New York Times article about Ezra Klein’s decision to leave his high-profile position at The Washington Post to start his own website got me thinking about the future of content distribution in media.

In the article Klein said he feels that the conventions of newspaper print journalism — with its commitment to incremental daily coverage — were reflected in publishing systems, which need first and foremost to meet the needs of printing a daily paper.

With the current model newspapers operate under not being good enough for Klein, I began search to find out why Klein saw better content distribution opportunities with Vox. 

The thing that stood out the most in the New York Times piece was the introduction of Chorus, a content management system that the site uses. An Adweek feature  had an interview with Vox’s content chief product officer, Trei Brundett, to learn more about the system. He mentioned that Chorus allows for more visual content. In prior lessons we learned that visuals help generate more page views. Everybody loves seeing more pictures.

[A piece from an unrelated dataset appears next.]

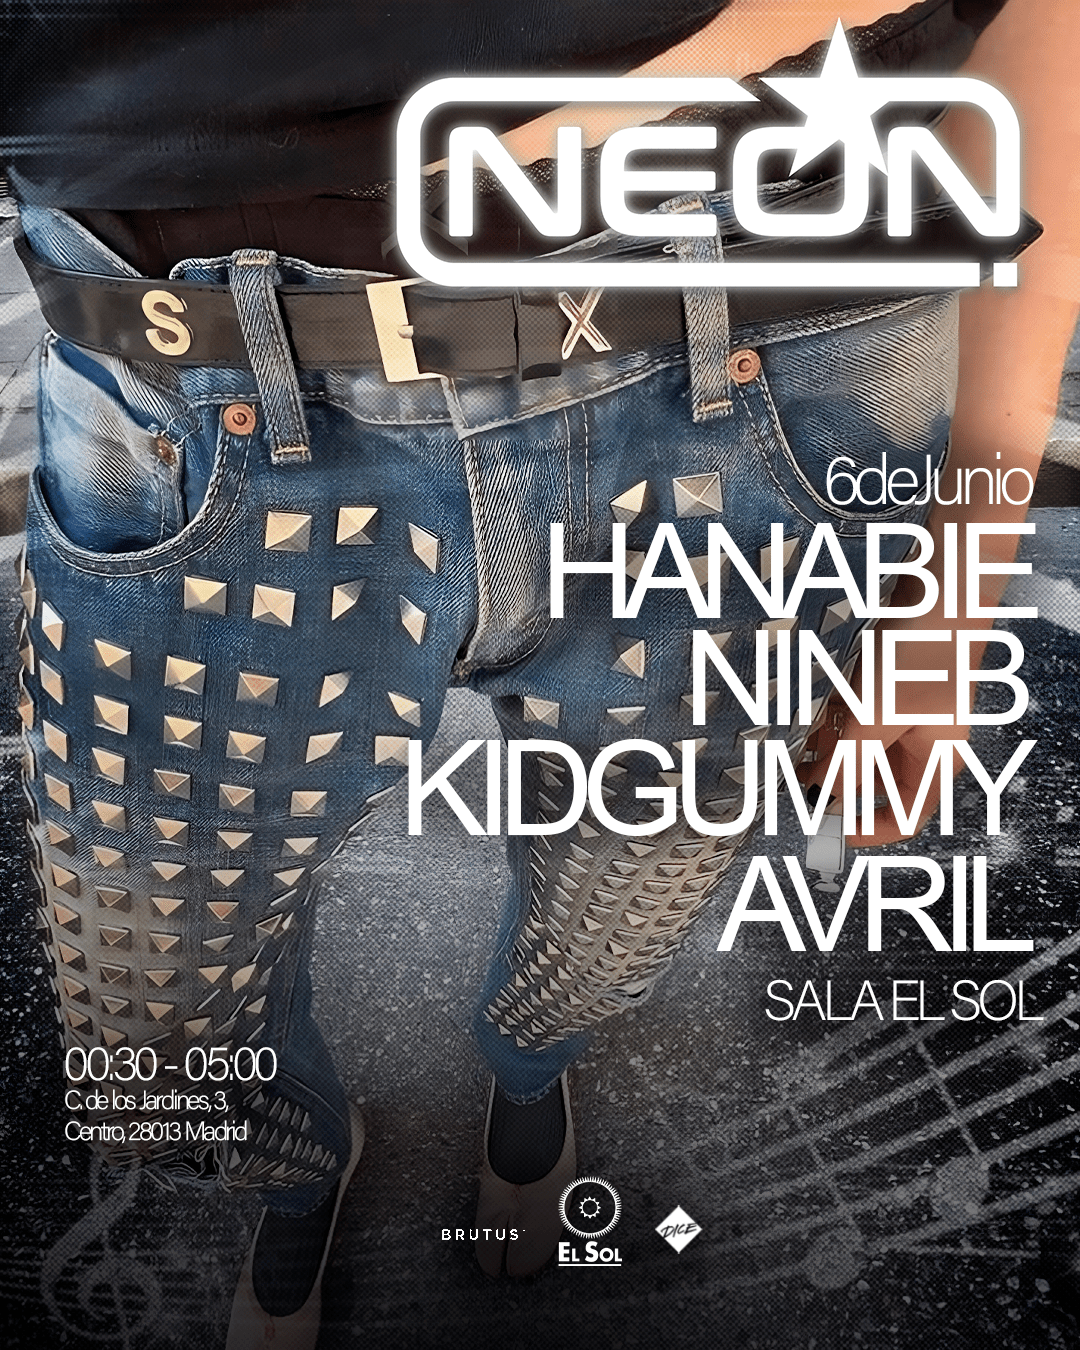 Neon StarClub: Nine B + Hanabie + kid Gummy + Avrrrril

Brundett also mentioned to Adweek that Chorus helps with choosing what type of editorial content to publish. As a writer myself, this would be an excellent service to have while attempting to generate my own article ideas. Sometimes when I am trying to come up with ideas it feels like I am taking shots in the dark. It is fascinating that Chorus has the ability to take out some of the guesswork traditionally found with generating quality content.

A Pennsylvania Gazette article showed that people who work with Vox believe the visuals given from Chorus are one of a kind, and far ahead of any other systems out there.

“In terms of tools for digital storytelling, it really is the best thing out there,” said Vox editorial director Lockhart Steele.

That is why Chorus has helped Vox transform into a $380 million company that draws on over 170 million unique page viewers each month according to Business Insider. Big time players such as Steele and  Klein love playing with the visually appealing content management system.

“Vox is the first company I’ve worked at where editorial and product are true equals,” Steele told the Gazette. “When Edward Snowden released a huge cache of documents from the NSA and the writers wanted to search for particular topics, the engineering team performed a data analysis for them in less than two hours.”

With big-time journalists using Chorus to build new publishing empires, it is apparent that content management is a huge factor for the success of publications. It is imperative for major publications to build a solid content management system to not only lure in high end talent, but more importantly, help their articles successfully reach the target audience.